Another group of GBT scientists studied GBT1118 in another mouse model of acute lung injury (https://www.physiology.org/doi/full/10.1152/japplphysiol.00079.2017).
They found that low-dose GBT1118 reduced mortality to less than half that of controls and high-dose GBT1118 to less than one-third, and also reduced severity of illness. Treatment with GBT1118 apparently did not alter alveolar-capillary permeability, inflammatory cell numbers in the lungs, or the amount of inflammatory cytokines – possibly indicating that the beneficial effect came from its inherent property of increasing oxygen affinity of hemoglobin. High-dose GBT1118 did not affect histological lung injury but decreased tissue hypoxia measured in the liver and kidneys. These are the two major organs that can fail because of hypoxia. They concluded that “increasing the oxygen affinity of hemoglobin using GBT1118 may be a novel therapy for treating hypoxemia associated with acute lung injury.” I am puzzled by lack of changes in inflammatory markers, because that would be expected for local improvement to be seen (as shown in the bleomycin experiments). It is possible that differences in study design could account for this.
Does GBT1118 have another property that can contribute to lung effects?
Coming across this exciting article prompted this post. Unlike the articles described above, I have not had access to the complete article here - but only the abstract.
Prepublication citation/description (The effect of the anti-sickling compound GBT1118 on the permeability of red blood cells from patients with sickle cell anaemia) of a study from UK showed that GBT1118 increased red cell hydration; decreasing shrinkage and fragility. I am not sure that this has been shown with voxelotor. That may suggest that GBT1118 could be a better drug than voxelotor for SCD. Decreased red cell fragility may prevent hemolysis in the microcirculation – possibly explaining the beneficial effects in mice with lung injury. By implication, it may also be beneficial in clinical studies of lung injury where voxelotor failed – and clinical trials should be done in this setting.
I do not think GBT is a one-trick pony (although if you have a trick that’s as good as voxelotor, it’s not a bad thing!).

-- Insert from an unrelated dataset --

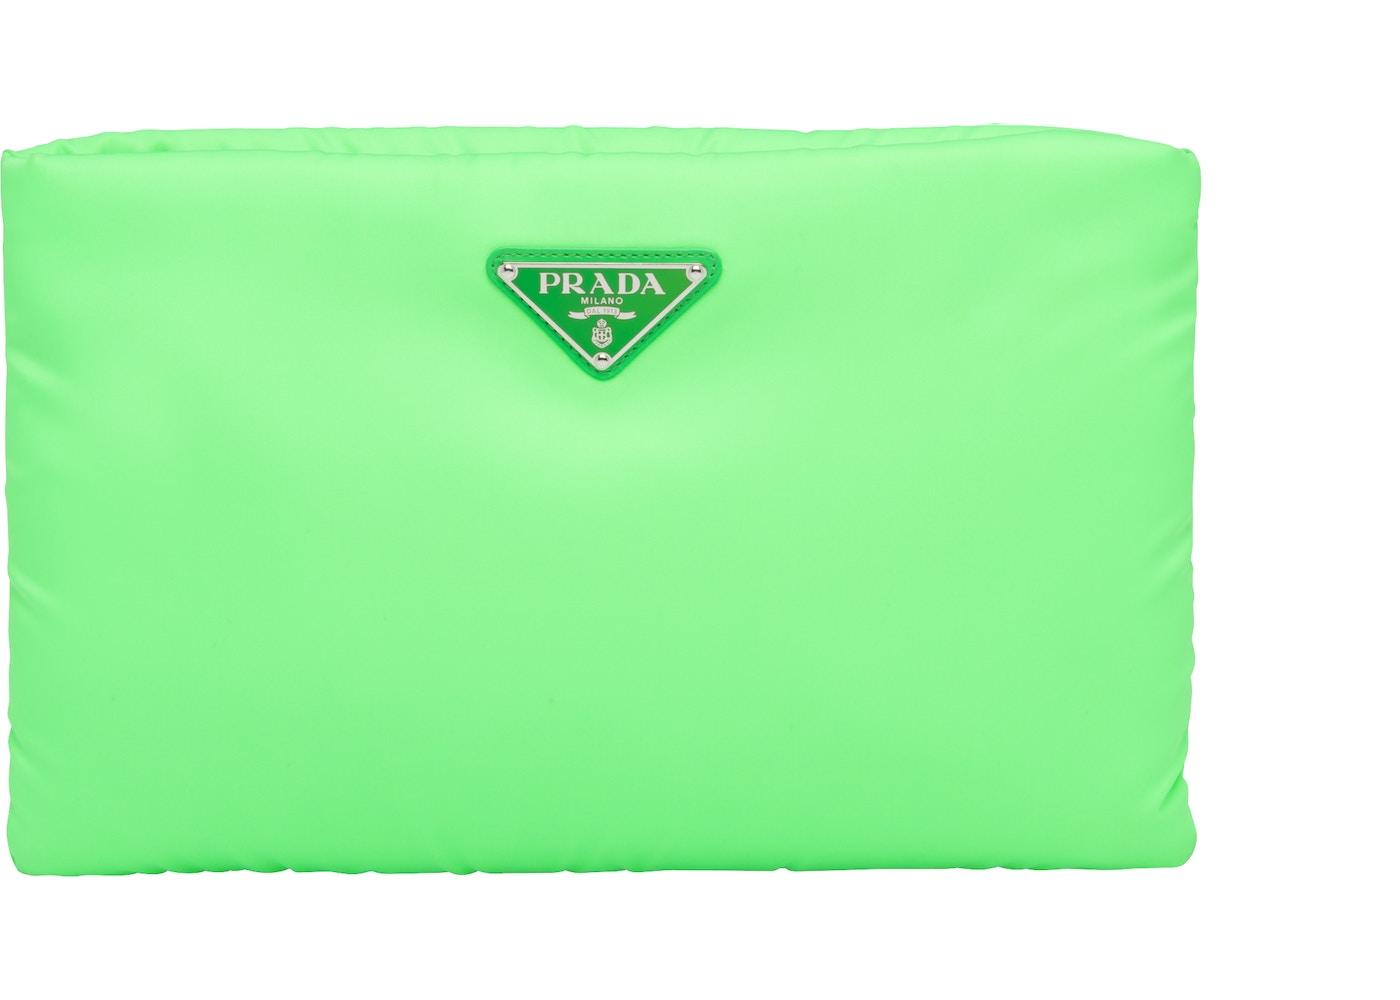 0d146050dd213f Prada Clutch Padded Nylon Medium Green. Medium Green

If GBT1118 turns out to have beneficial lung effects in clinical trials, it would be wonderful for patients in tough medical situations. It could also enhance the value of GBT dramatically because voxelotor could continue being used in SCD, and GBT1118 could be used in appropriate ICU patients for short durations at a very different price point (improvement in ARDS could easily be worth $20-50,000) and long durations in patients with pulmonary fibrosis.
Disclosure: I am/we are long GBT.
Additional disclosure: Also long BLUE and CRSP (both working in the SCD space), CELG (collaborating with BLUE), and BMY (acquiring CELG).